De-ionized R/O systems will put you at 0 PPM
These are not the same thing.
Distillation: the separation of water from dissolved solutes (salts, etc.) by vaporizing the water, and condensing the vapor.
Deionization: the use of
ion exchange columns to remove dissolved solutes. I've used these before to make ultra-pure water (better than 3 megaohm resistance; distilled is anywhere between 100,000 and 250,000 ohms, while "perfect" ultra-pure water is 18.3 megaohm resistance); the only problem I've had with them is a trace of fluoride making it through somehow. Never did figure out how, but it was in the low part per trillion level, so it wasn't important to us- just a nuisance.
Reverse osmosis: the use of
pressure across a selective membrane to purify water.

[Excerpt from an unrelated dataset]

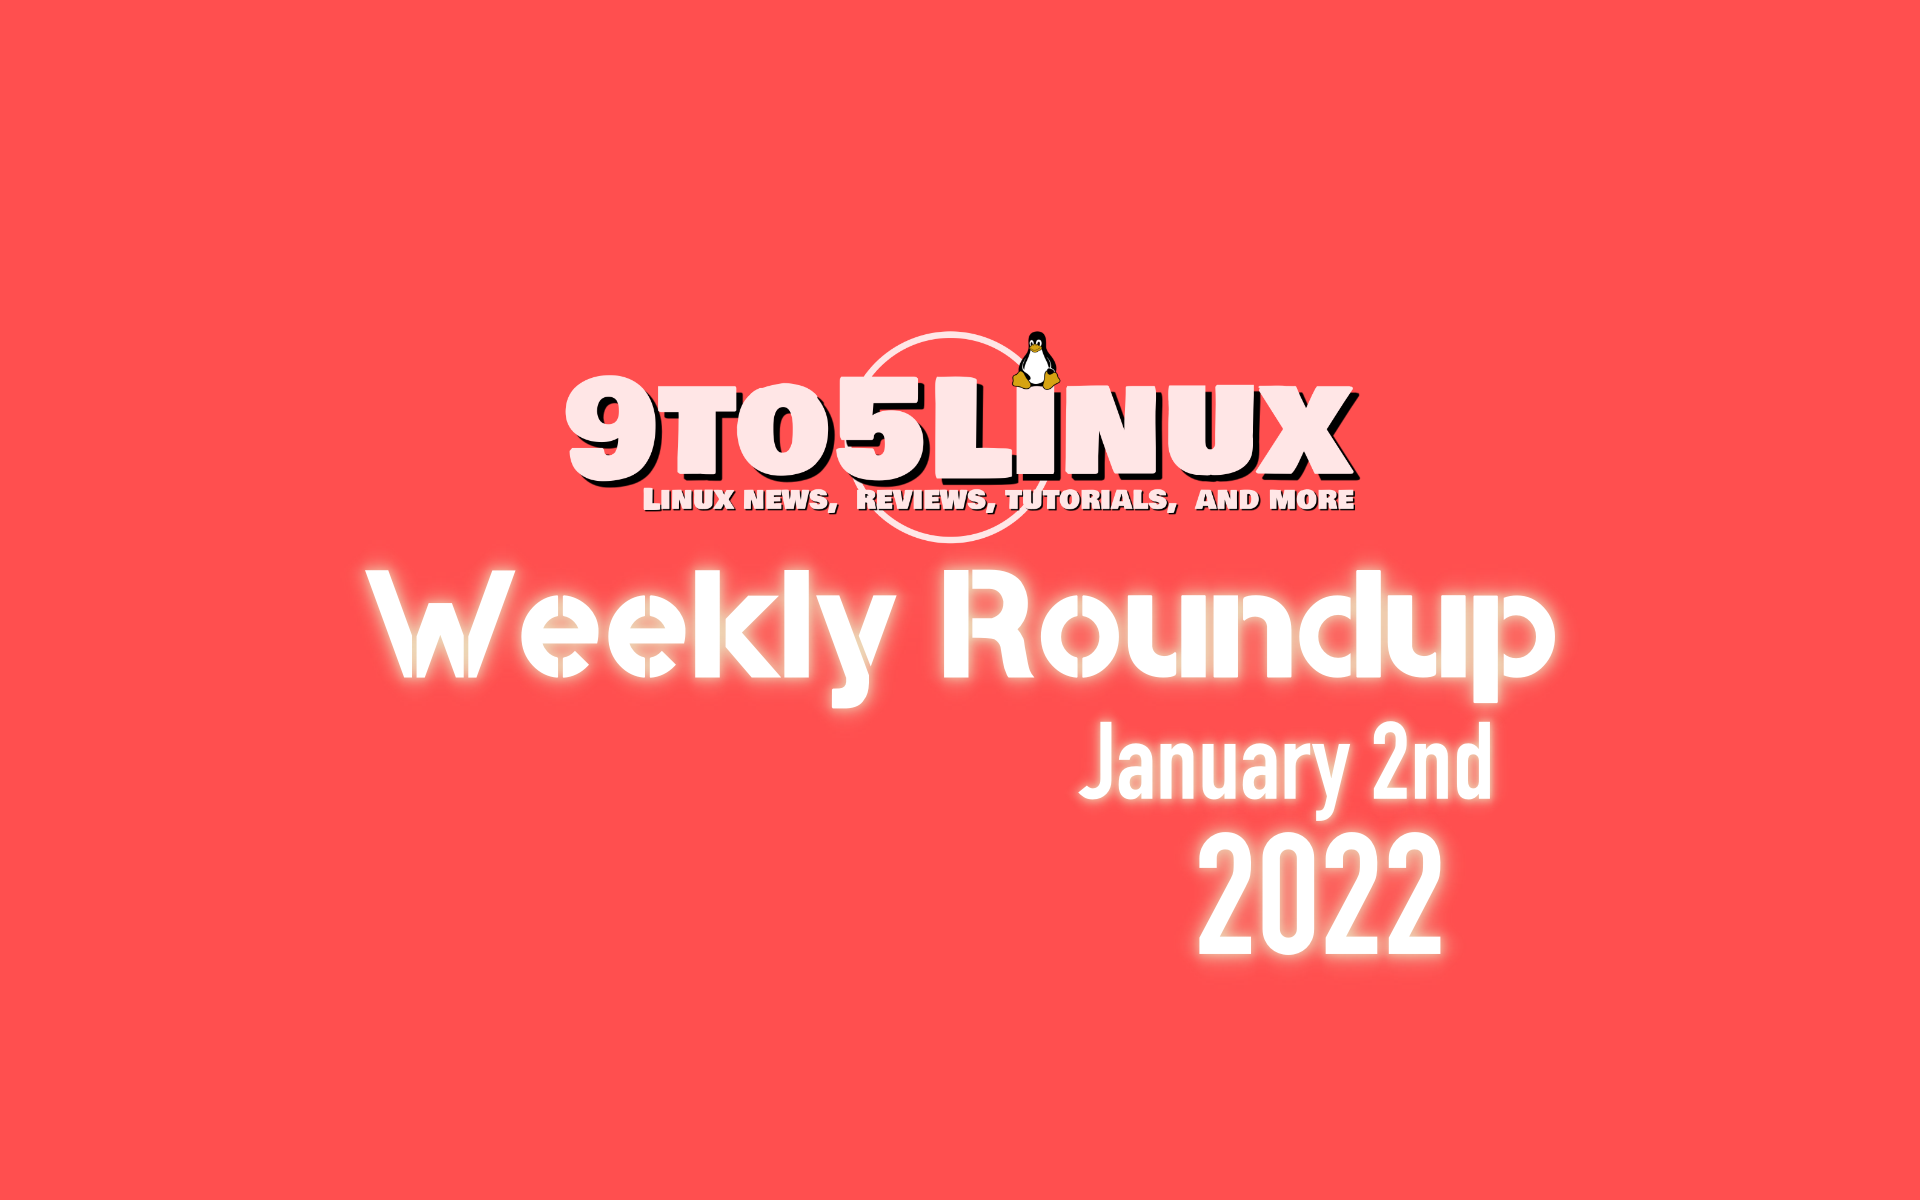 9to5Linux Weekly Roundup: January 2nd, 2022

Of the three, RO produces the lowest quality of water; a well-tuned system will produce very high quality water, but it still pales in comparison to distillation. However, RO water (unless the membrane is very old or punctured) is still more than good enough to produce exceedingly high quality of water for horticulture.
So, while your meter may read 0 ppm, I can assure you that solutes still make it through an RO membrane, and that as that membrane ages, the concentration of solutes will continue to increase- membranes are not immortal, and must be changed.
For example:
Chloride: rejection rate of 94-95%
Calcium: 96-98%
Magnesium: 96-98%
Sodium: 92-98%
All of these ions are of interest because they are common to water in the desert southwest; feed water at the consumer level (that which runs through an RO system) can have total dissolved solids levels at several hundred PPM.
If your meter is reading 0 ppm, then it is probably reading water from a relatively new membrane and/or the meter doesn't read very low levels of solutes; these meters simply aren't designed for good resolution at the low end of conductivity. I'd be happy to run any samples of RO water you might have on an ion chromatograph to show you this.